• ASSIGNMENT
Apart from the pictures, everything in the lines below must be printed exactly.

• RECORDED DATA
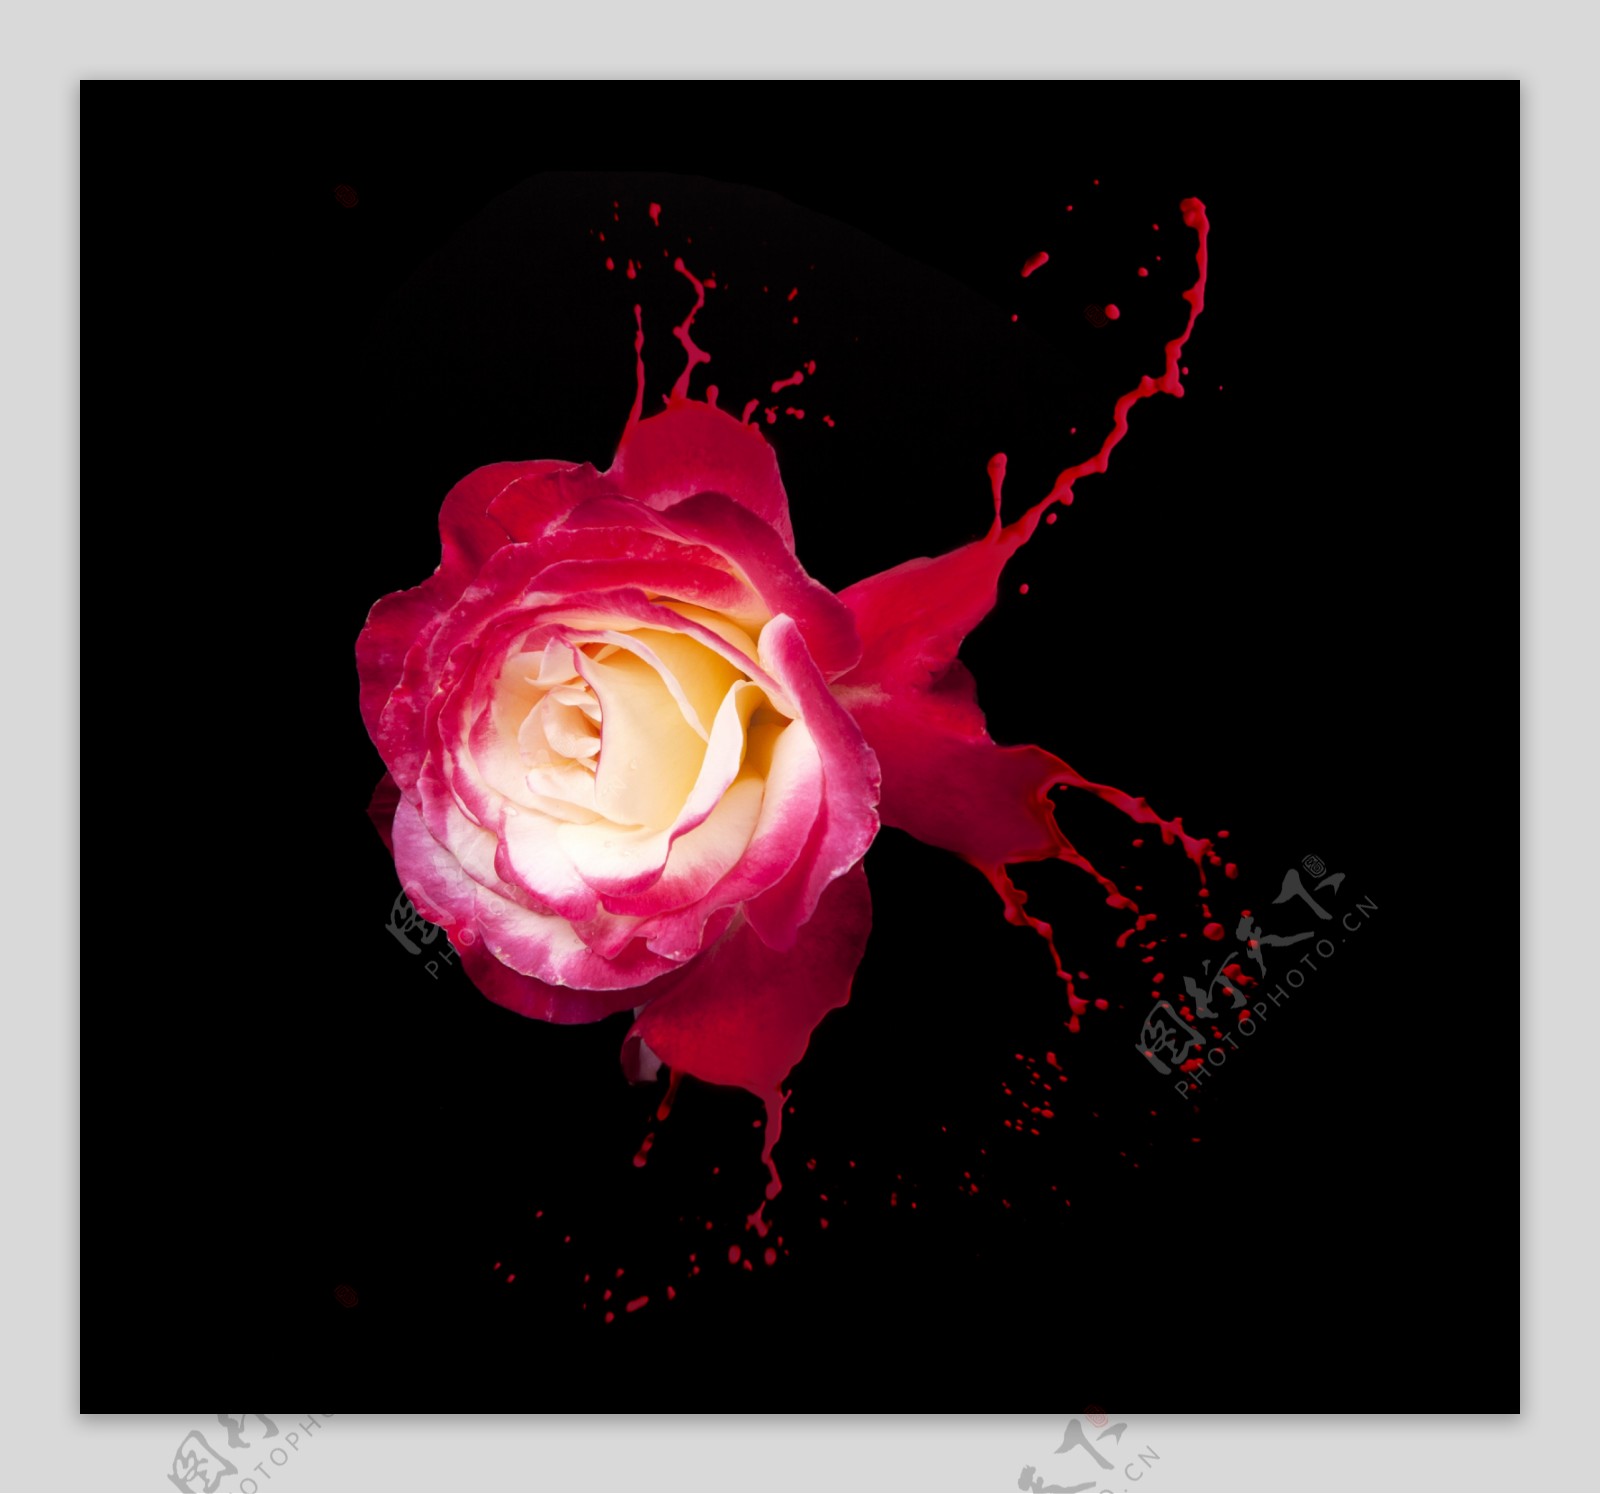 动感油漆与玫瑰花图片
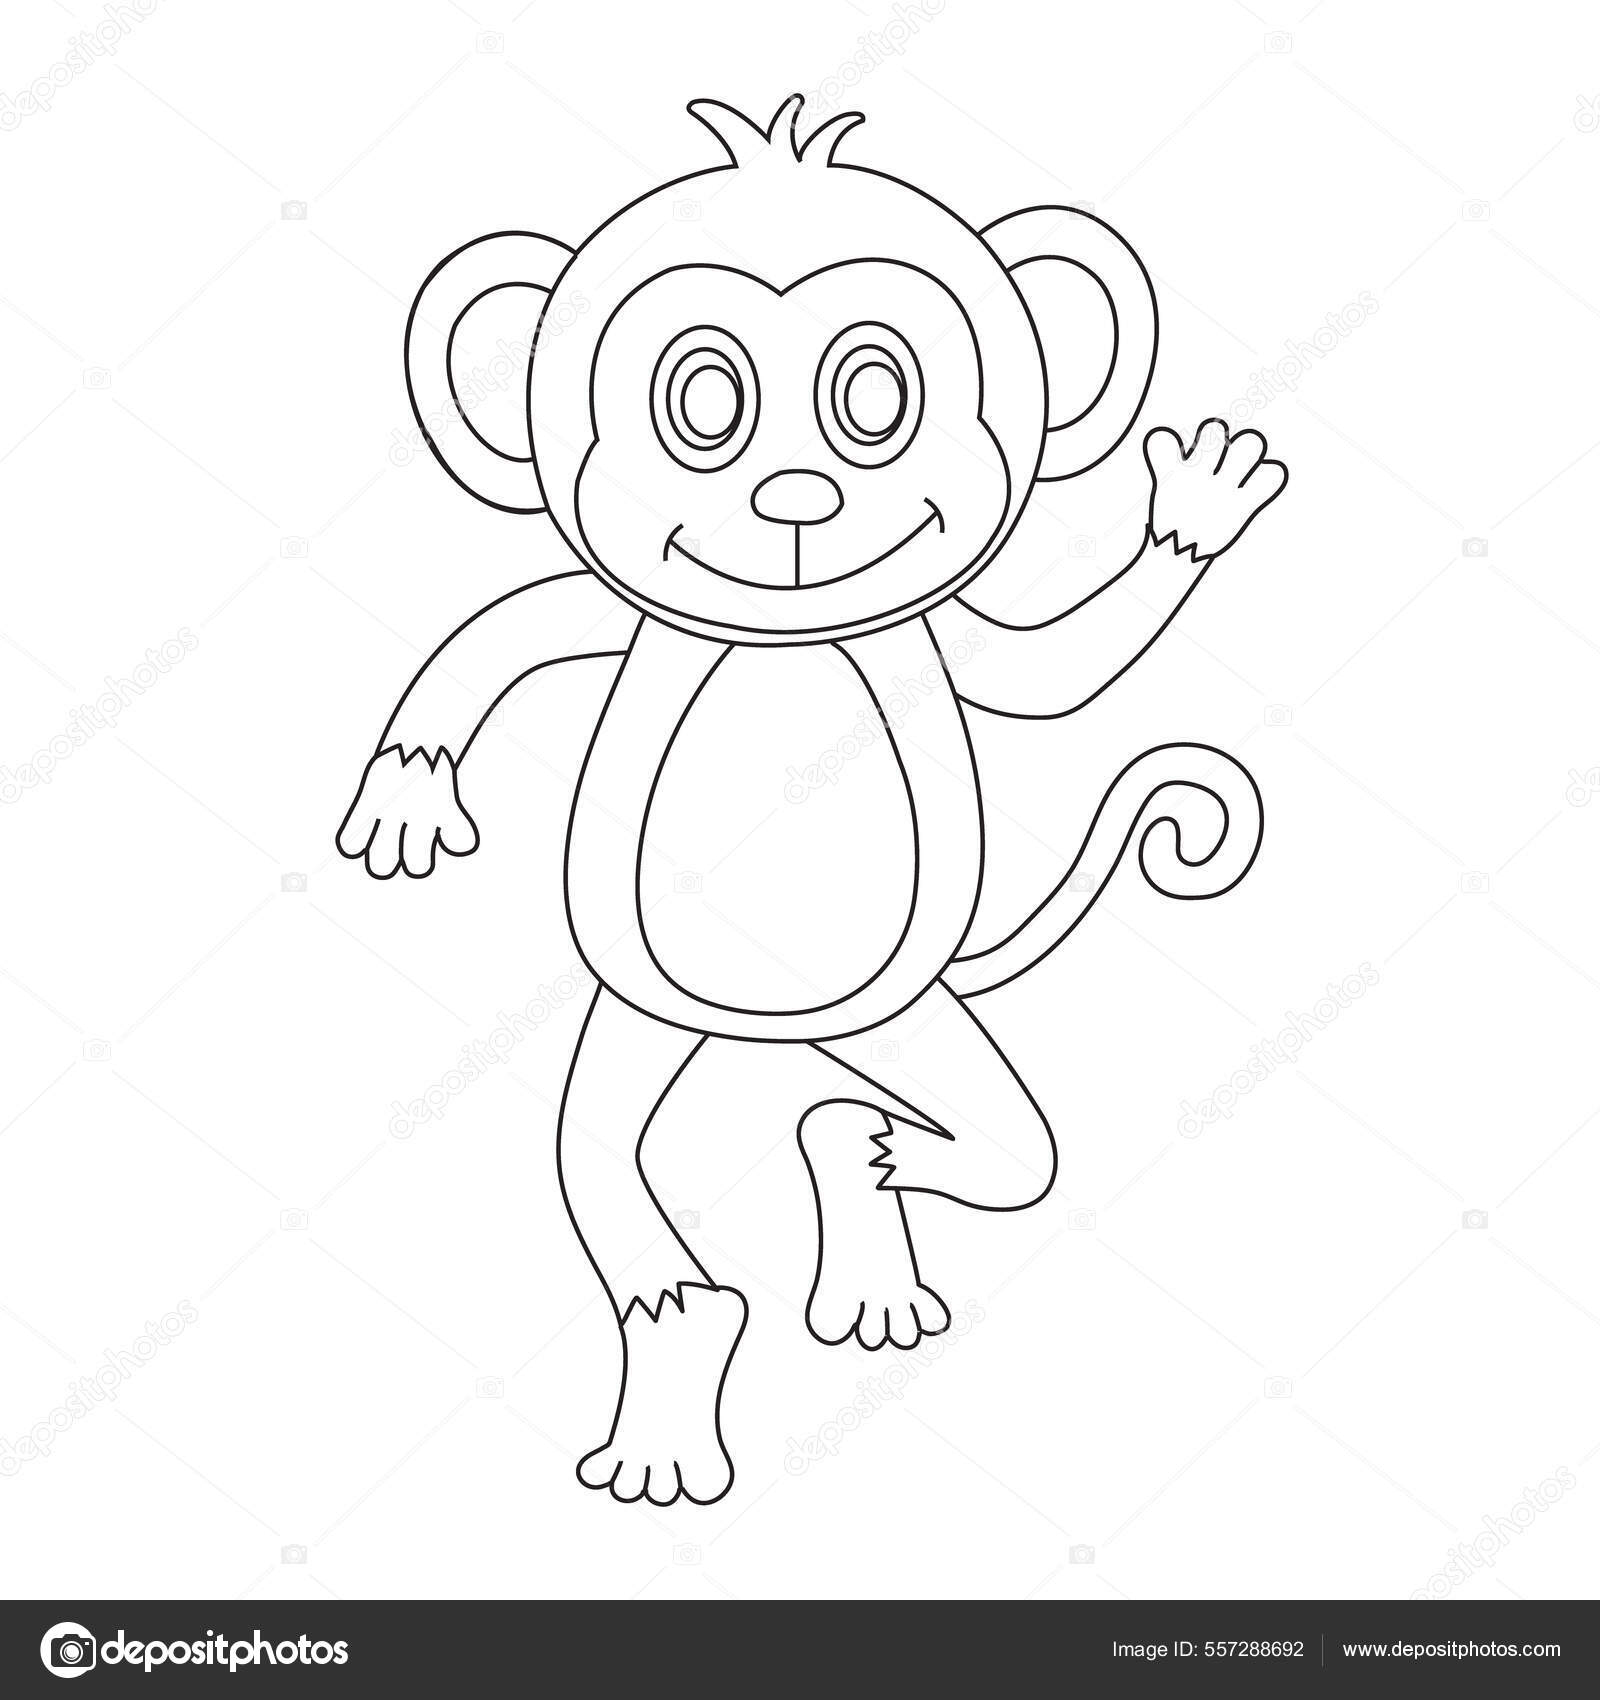 https://st.depositphotos.com/64586708/55728/v/1600/depositphotos_557288692-stock-illustration-cute-little-monkey-outline-coloring.jpg
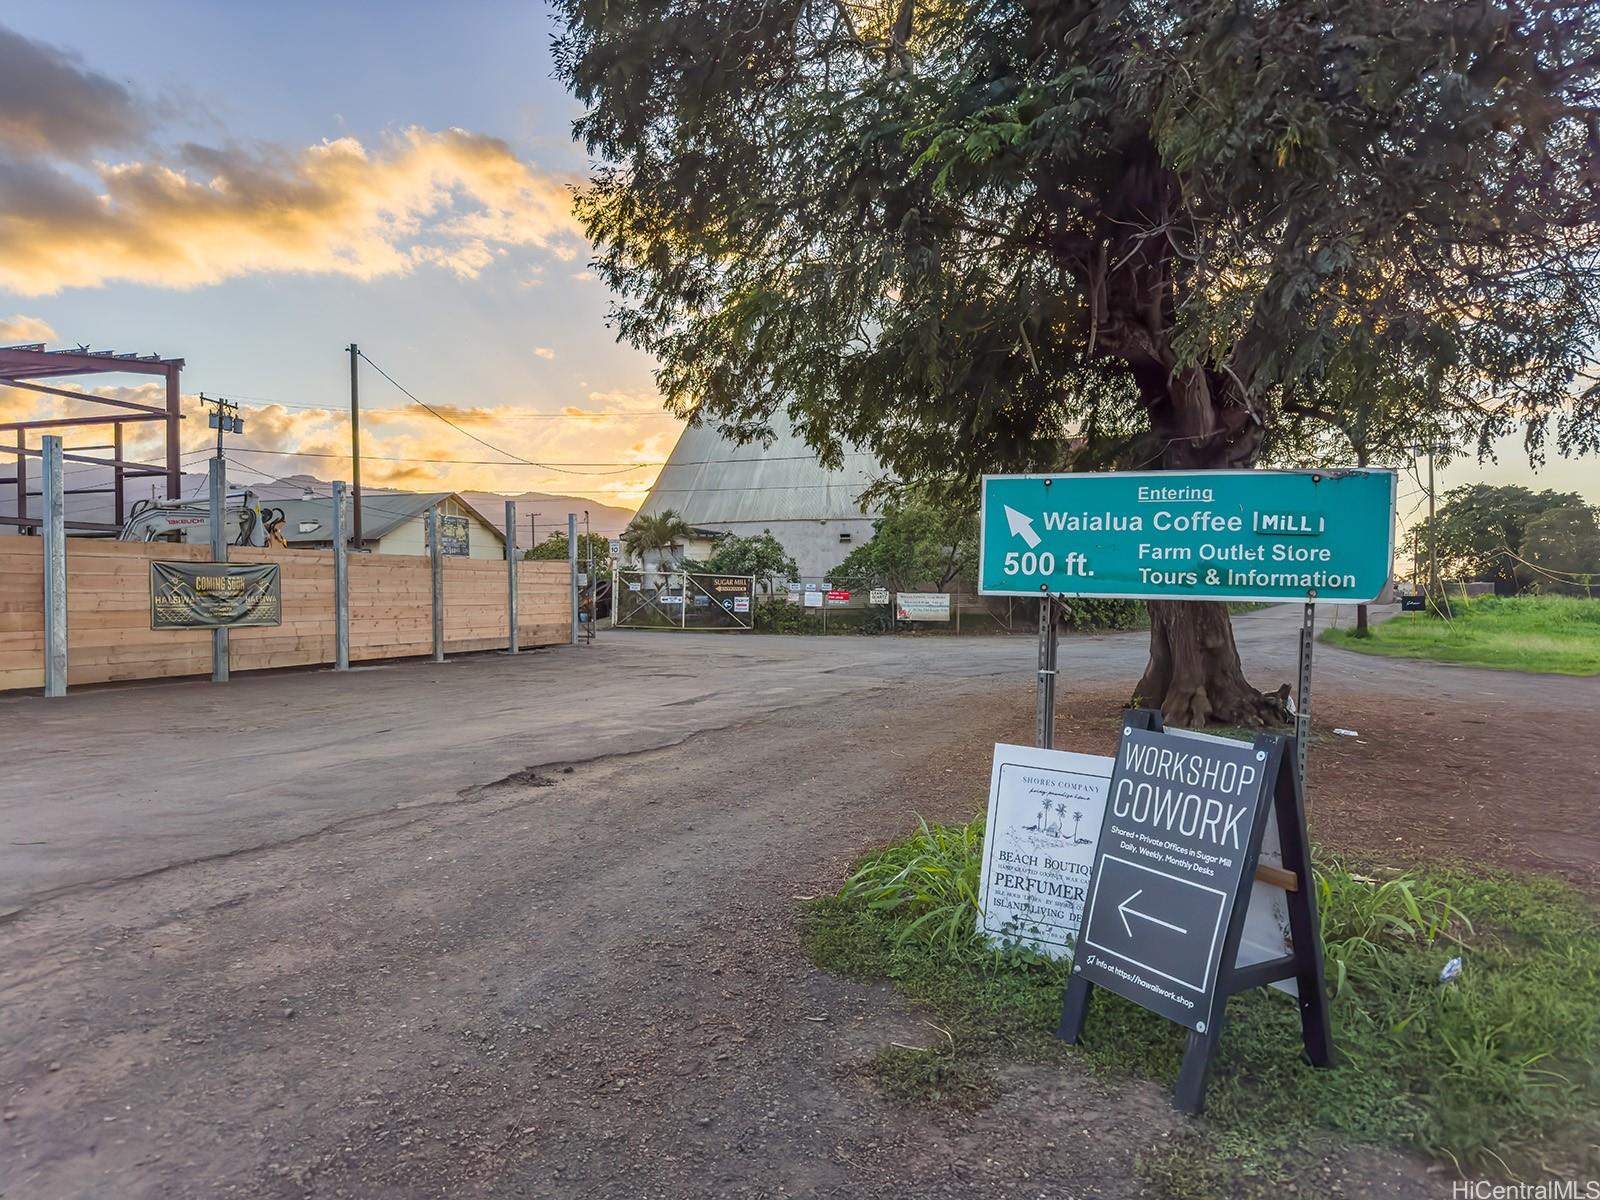 61-1121 Kaukonahua Road 3 Waialua, Hi vacant land for sale - photo 17 of 25

• TASK ANSWER
 动感油漆与玫瑰花图片
 https://st.depositphotos.com/64586708/55728/v/1600/depositphotos_557288692-stock-illustration-cute-little-monkey-outline-coloring.jpg
 61-1121 Kaukonahua Road 3 Waialua, Hi vacant land for sale - photo 17 of 25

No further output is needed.